In the current study we demonstrate that the IFN-g competence progressively rises with the age of uninfected BALB/c mice displaying high resistance to nematode infection. The elevated type 1 bias in 5-10 months old compared to 2-3 months old mice resulted in poor parasite control manifested by higher female fecundity in the mature cohort infected with H. polygyrus. The poor resistance was accompanied by stronger generation and mucosal accumulation of Th2/1 hybrid cells and elevated proportions of parasite specific IFN-g producing cells.
Substantiating the above findings, restriction of IFN-g availability in the priming phase of nematode infection led to improved resistance coinciding with sharp reduction in systemic and mucosal Th2/1 cells and a near complete absence of parasite specific IFN-g producing cells.
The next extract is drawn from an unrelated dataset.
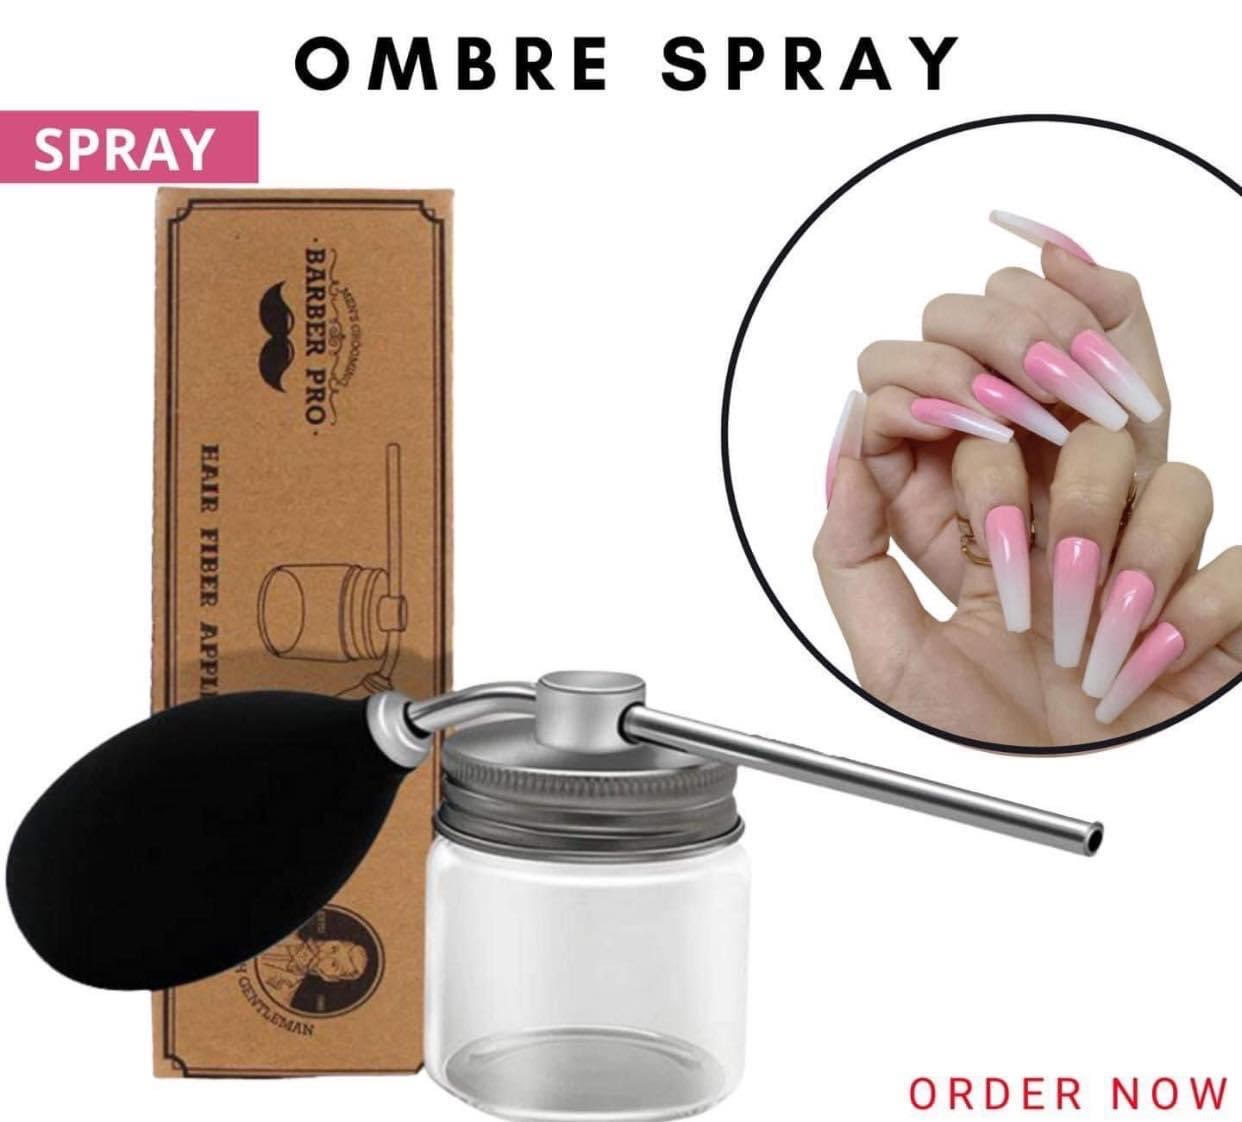 Ombre Nail Spray là công nghệ làm đẹp móng tay nhanh và tiện lợi nhất hiện nay. Với nhiều lựa chọn màu sắc, kết hợp với tay nghề cao của thợ làm móng chuyên nghiệp, kết quả tuyệt đẹp. Đừng bỏ qua hình ảnh liên quan để cập nhật xu hướng mới nhất cho bộ móng tay của bạn.
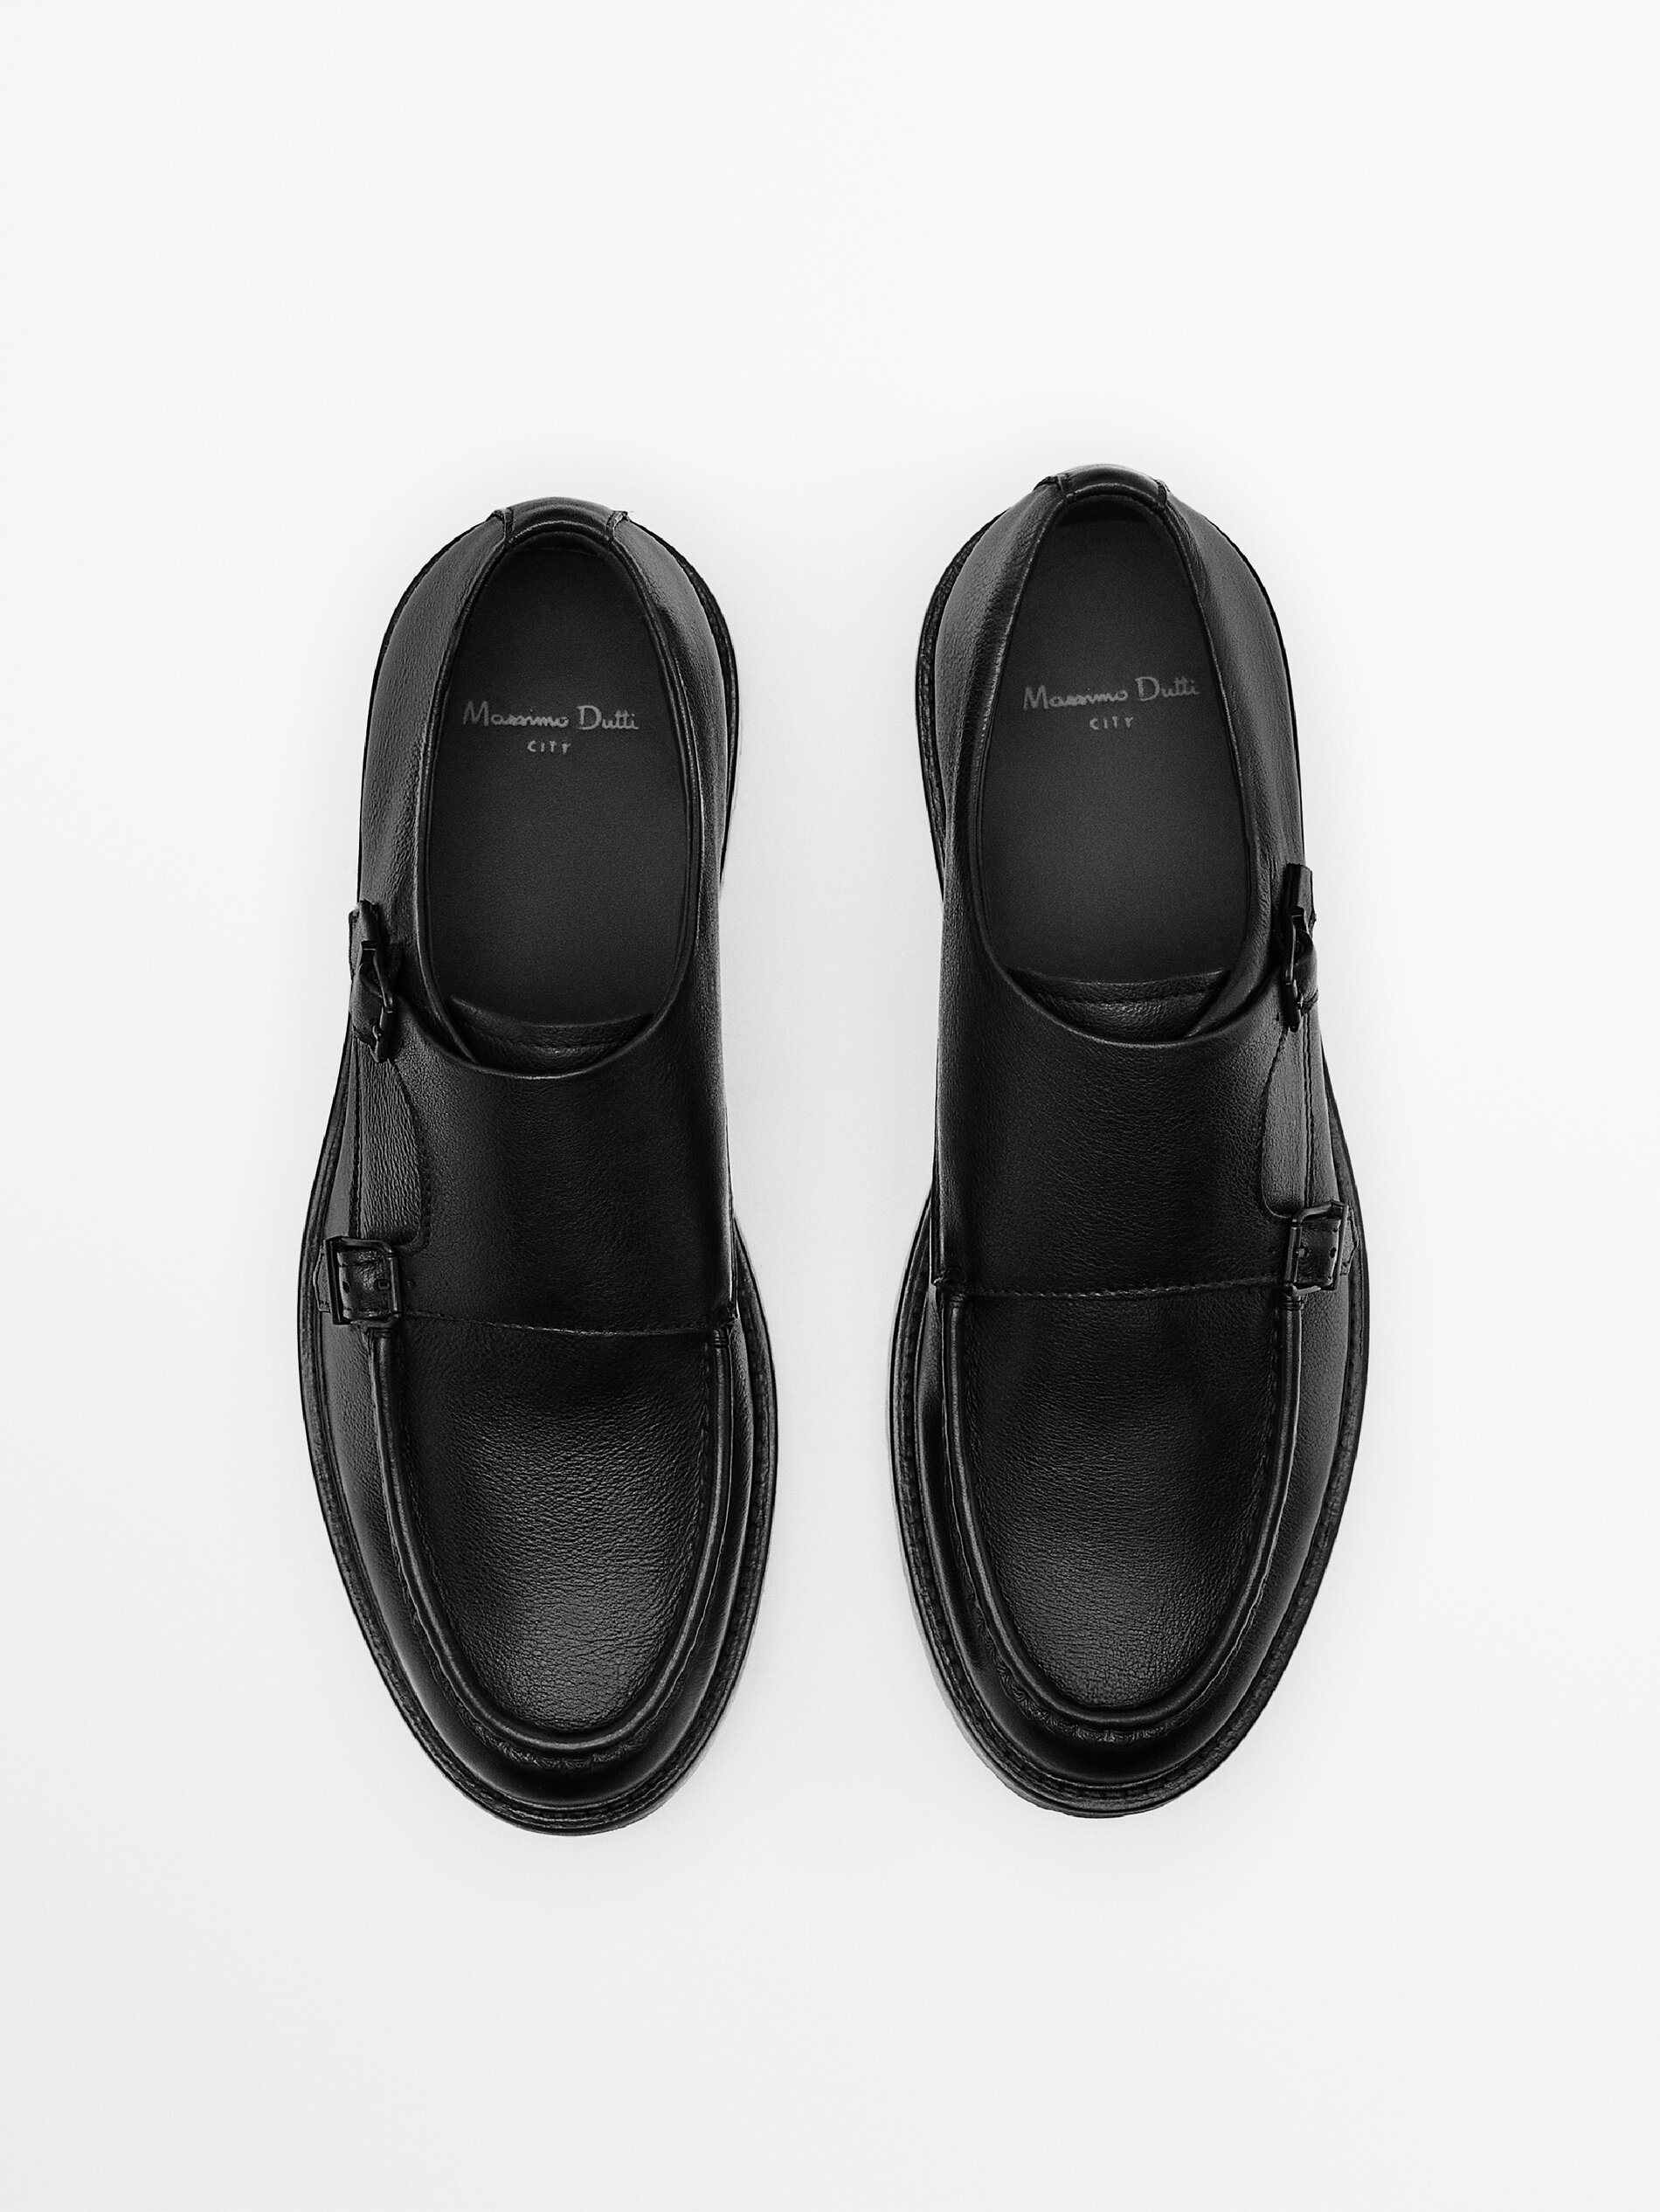 Massimo Dutti Nappa Leather Monk Shoes - Big Apple Buddy

Conversely, supplementation of early IFN-g availability led to impaired parasite control associated with robust expansion of Th2/1 cells and a significant rise in IFN-g producing cells in parasite specific T cell pool. Importantly, elevated IFN-g availability did not inhibit classical Th2 cells in the long run and rather promoted an accumulation of systemic GATA-3+ Teff cells in IFN-g treated BALB/c mice. The increased parasite egg production upon IFN-g treatment was traced back to the increased fitness of the L4 larvae maturating in the gut of IFN-g treated mice.
In line with the findings in differently aged mice, C57BL/6 mice genetically predisposed to higher susceptibility in H. polygyrus infection more rapidly accumulate Th1 cells at steady state compared to resistant BALB/c mice. The elevated type 1 activity in C57BL/6 mice translated to greater accumulation of small intestinal Th2/1 cells post infection and poor resistance compared to BALB/c mice. However, the stark differences seen between the strains at younger age leveled out in older mice due to increased IFN-g competence and increased bias in favor of Th2/1 cells in mature BALB/c mice. Restricting IFN-g availability in C57BL/6 mice led to increased resistance thereby substantiating the significance of IFN-g in differential susceptibility across inbred lines. Overall, our findings report an age-dependent reduction in anti-nematode type 2 immunity resulted by steady state accumulation of IFN-g competent effector cells in the vertebrate host.